紧接着他又问道,“若真有人能让他如此小心谨慎地连络,那此人身份必定不凡。而他又何必与王婉暗通款曲,而不直接求这位大人物,岂不更好?”
“若你我猜测成真,”裴霁眸光一沉,“那说明此人有不愿意暴露身份的理由。”
“你是说……”
“我可什么也没说,”裴霁摇摇头,打断她接下来想说的话,“不论对方是谁,我们都要留个心眼儿,万一将来事情牵涉到我们,我们也能有所准备。”
楚锦瑶沉默片刻,缓缓点头,“这件事我会留意的。”
不等他们两人裴晏离开,门帘再次被人从外面掀起,紧接着就见陈青神色紧张地匆匆跑来。
“夫人,”陈青面色凝重,可话中却带着几分高兴,“找到了!”
楚锦瑶心头一跳,“找到什么了?”
“奴才找到毒药的来源了,”陈青左右看了看,见四下都是自己人,才将自己的发现一一道来,“那毒来源于大爷房中的那张红木床。”
楚锦瑶脸色一变,当即拉着裴霁跟着陈青往他原先的院子走。
院子里,胡鸿晖已经在了,正蹲在从裴霁卧房搬出来的红木床前,神色凝重。
见楚锦瑶进来,他站起身躬身行礼,“夫人、大爷请看,这就是毒药的来源。”
楚锦瑶在丫鬟的护送下小心走到那张红木床前,疑惑地问道,“胡太医,麻烦你给我们解释一下,这张床为何是毒药的来源?”
见她靠近,胡鸿晖将手中的两截木块递了过去,“夫人请看,这两截木块,可有何不同?”
楚锦瑶低头细看了手中的两块木块,发现其中一截比另一节颜色略深些,若非有两者互相对比,一般还真是有些难以发现。
见她如此神情,胡鸿晖继续说道,“夫人也察觉到了,两块虽为红木,颜色却有所不同。

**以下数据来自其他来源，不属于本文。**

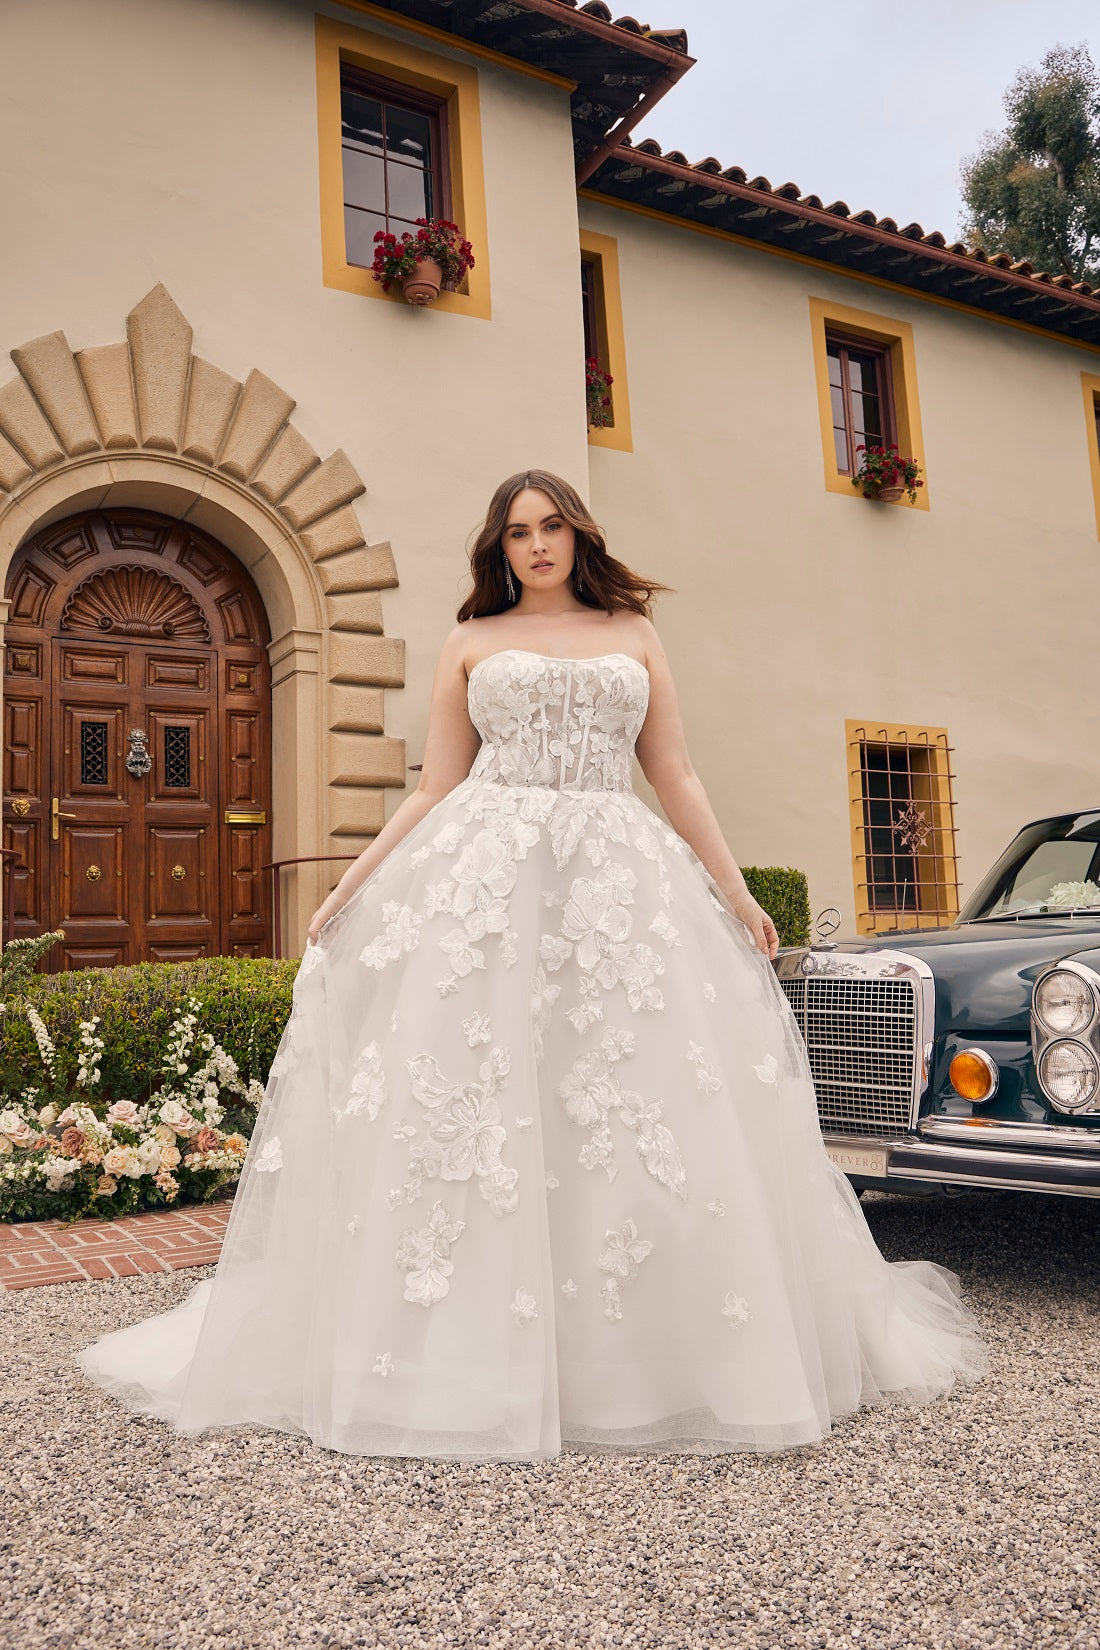 Casablanca Bridal 2540C Elloise A-Line Ballgown Strapless Sheer Floral Corset Sweetheart Neckline Open Back Train Wedding Gown. Prepare to be swept away by the ethereal beauty of Style 2540 Elloise, our exquisite A-line wedding dress. Plus sized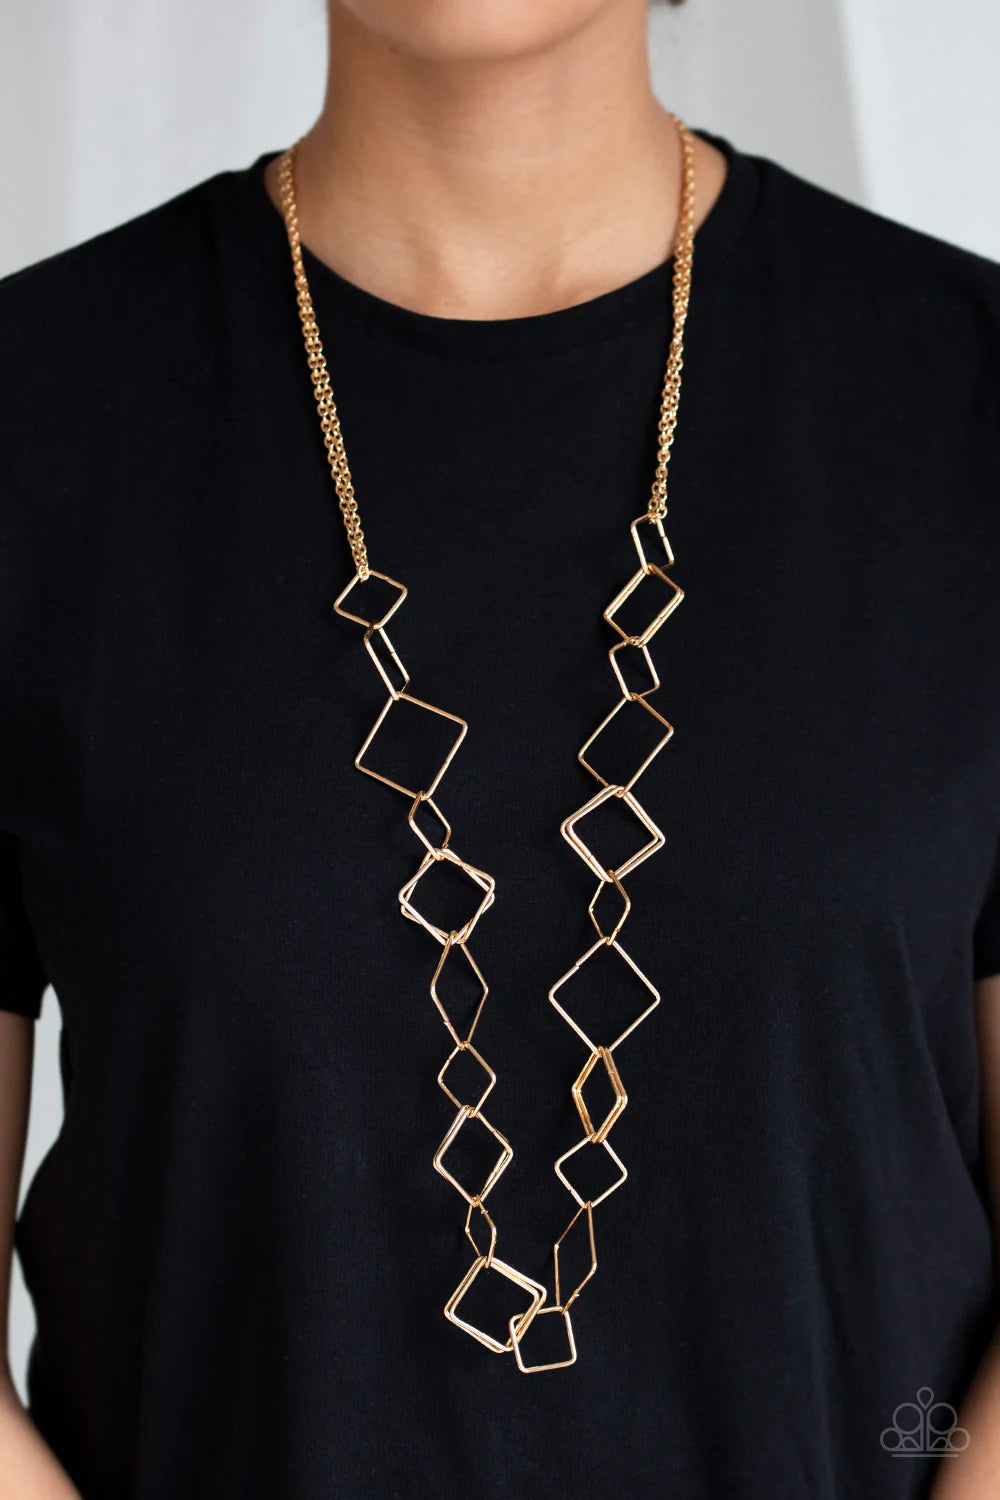 Paparazzi “Backed into a Corner” Gold Link Necklace

”
楚锦瑶微微颔首,将手中的木块递给一旁的裴霁,“那与这件事有何关系?”
“回夫人,老夫方才查验过,”胡鸿晖压低声音道,“这红木被人用剧毒泡过,这种毒极为奇特,普通人接触并无大碍,可一旦受伤流血,血液若与这红木中的毒相互接触,便会能产生剧毒,人若躺在这床上日夜呼吸,身体慢慢就会衰竭致死。”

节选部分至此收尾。